Looking for Another Signature

The fragmentation issue got me wondering if there was some signature I could use to find the other fragments of the file elsewhere on disk.  Here’s a relevant quote from the mlocate.db(5) manual page (emphasis mine):
The  rest  of  the  file until EOF describes directories and their contents.  Each directory starts with a header: 8 bytes for directory time (seconds) in  big  endian, 4 bytes for directory time (nanoseconds) in big endian (0 if unknown, less than 1,000,000,000),  4  bytes  padding, and  a  NUL-terminated  path name of the the directory.  Directory contents, a sequence of file entries sorted by name, follow.
Examining several mlocate.db files, the 4 bytes of padding are nulls, and the directory pathname begins with a slash (“/”).  So “000000002f” is a 5-byte signature we could use to look for directory entries in mlocate.db file fragments.
sigfind doesn’t help us here, because it wants to look for a signature at the start of a block or at a specific block offset.  Since I needed to look for the signature anywhere in a block, I threw together a quick and dirty Perl script for finding our signature in a disk image.  I haven’t done a significant amount of testing, but early indications are:
·         False positives can be a problem—a series of nulls followed by a slash is unfortunately common in data in a typical Linux file system.  In order to combat this, I’ve added a threshold value that requires a block to have a minimum of 6 instances of our signature before being reported as a possible mlocate.db chunk (the threshold value is configurable on the command-line).

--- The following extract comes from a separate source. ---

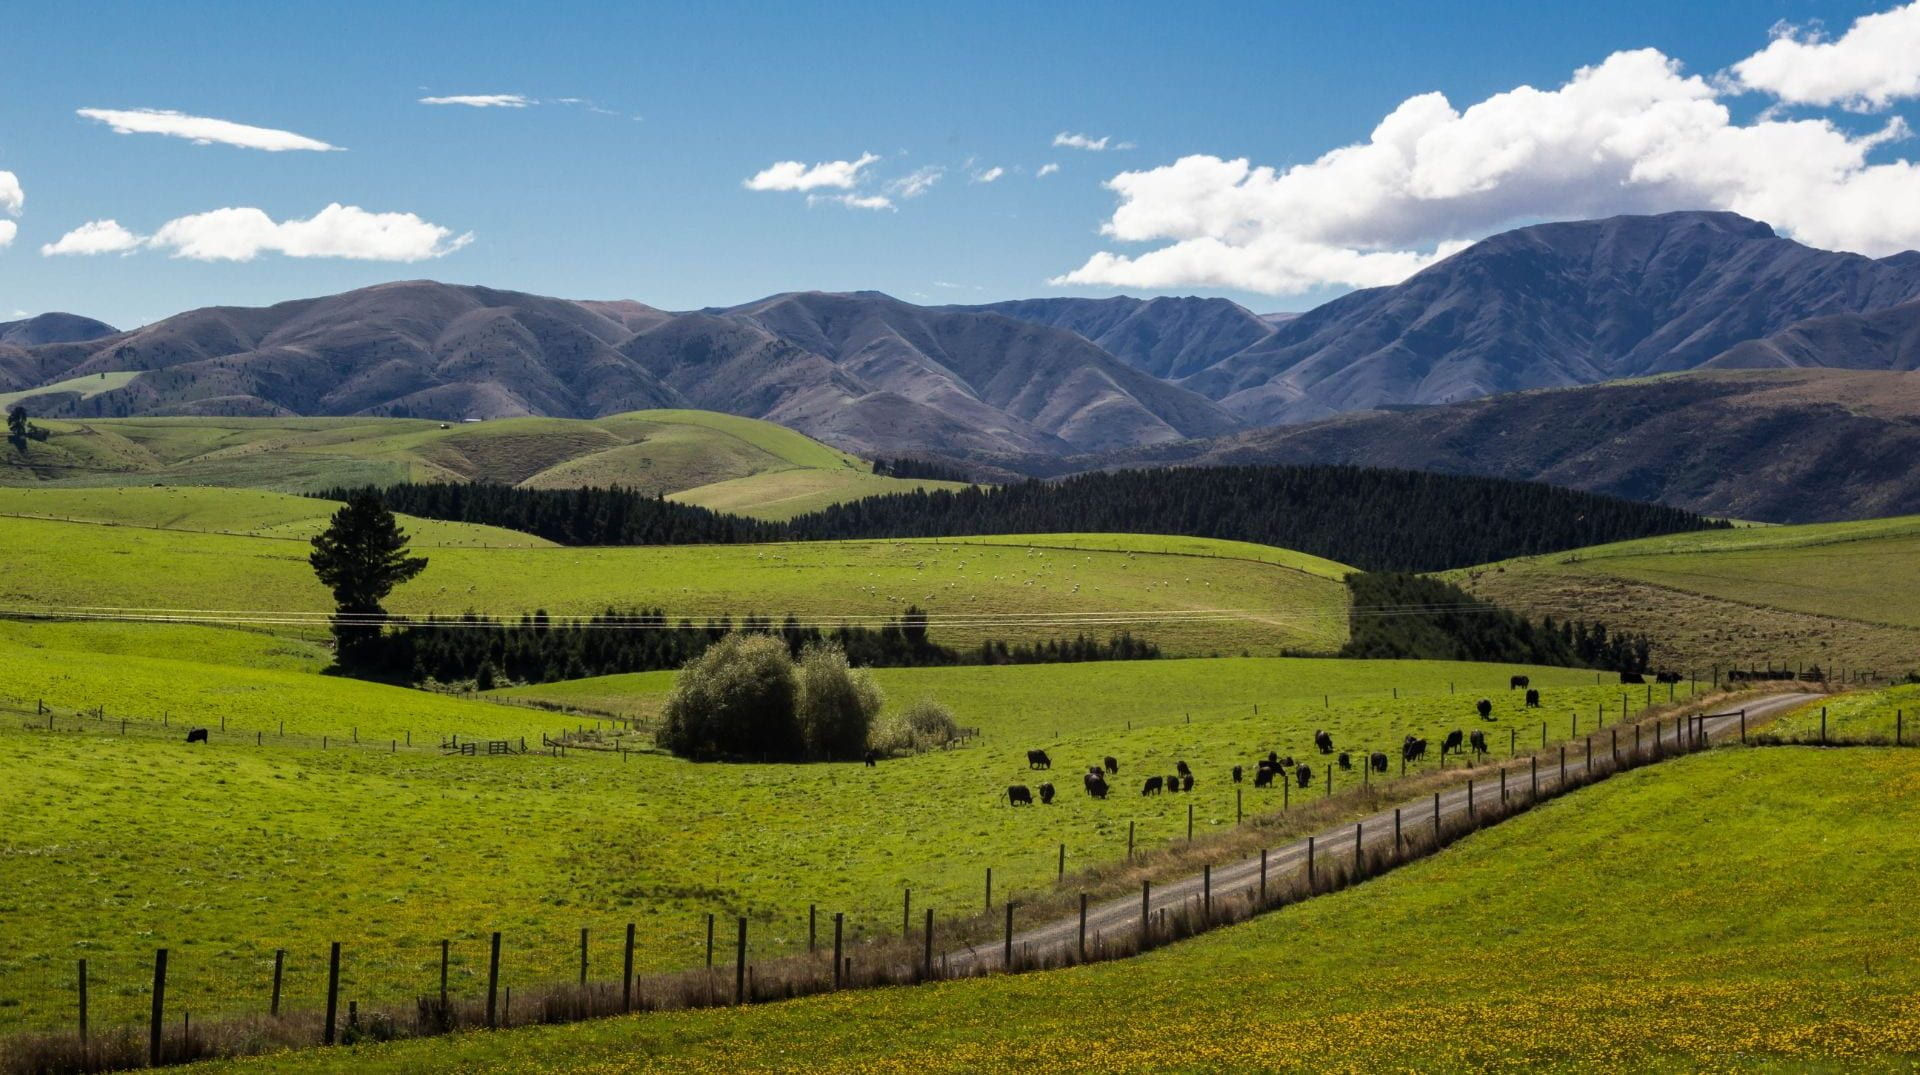 New Zealand grazing pasture with mountains in the background and a farm track alongside the paddocks.

·         False-negatives are also an issue.  If a directory contains a large number of files (think /usr/lib), then the directory contents may span multiple blocks.  That means one or two blocks with no instances of our “start of directory entry” signature, even though those blocks actually are part of a mlocate.db fragment.
That being said, the script does do a reasonable job of finding groups of blocks that are part of fragmented mlocate.db files.  With a little manual analyst intervention, it appears that it would be possible to reconstitute a deleted mlocate.db from an EXT4 file system, assuming none of the original blocks had been overwritten.
Frankly, our signature could be a little better too.  It’s not just “four nulls followed by a slash”, it’s “four nulls followed by a Linux path specification”.  Using a regular expression for this would likely reduce the false-positives problem plaguing the current script.

Wrapping Up (For Now)

I’ve had fun getting a deeper understanding of mlocate.db files and some of the challenges in trying to recover this artifact from unallocated.  But I still see some open questions. Can we improve the fidelity of our file signature to eliminate false-positives?  And given that there are chunks of at least five different mlocate.db files scattered around this file system, would we be able to put the correct chunks back together to recover the original file(s)?  Perhaps David or somebody else in the community would like to tackle these issues.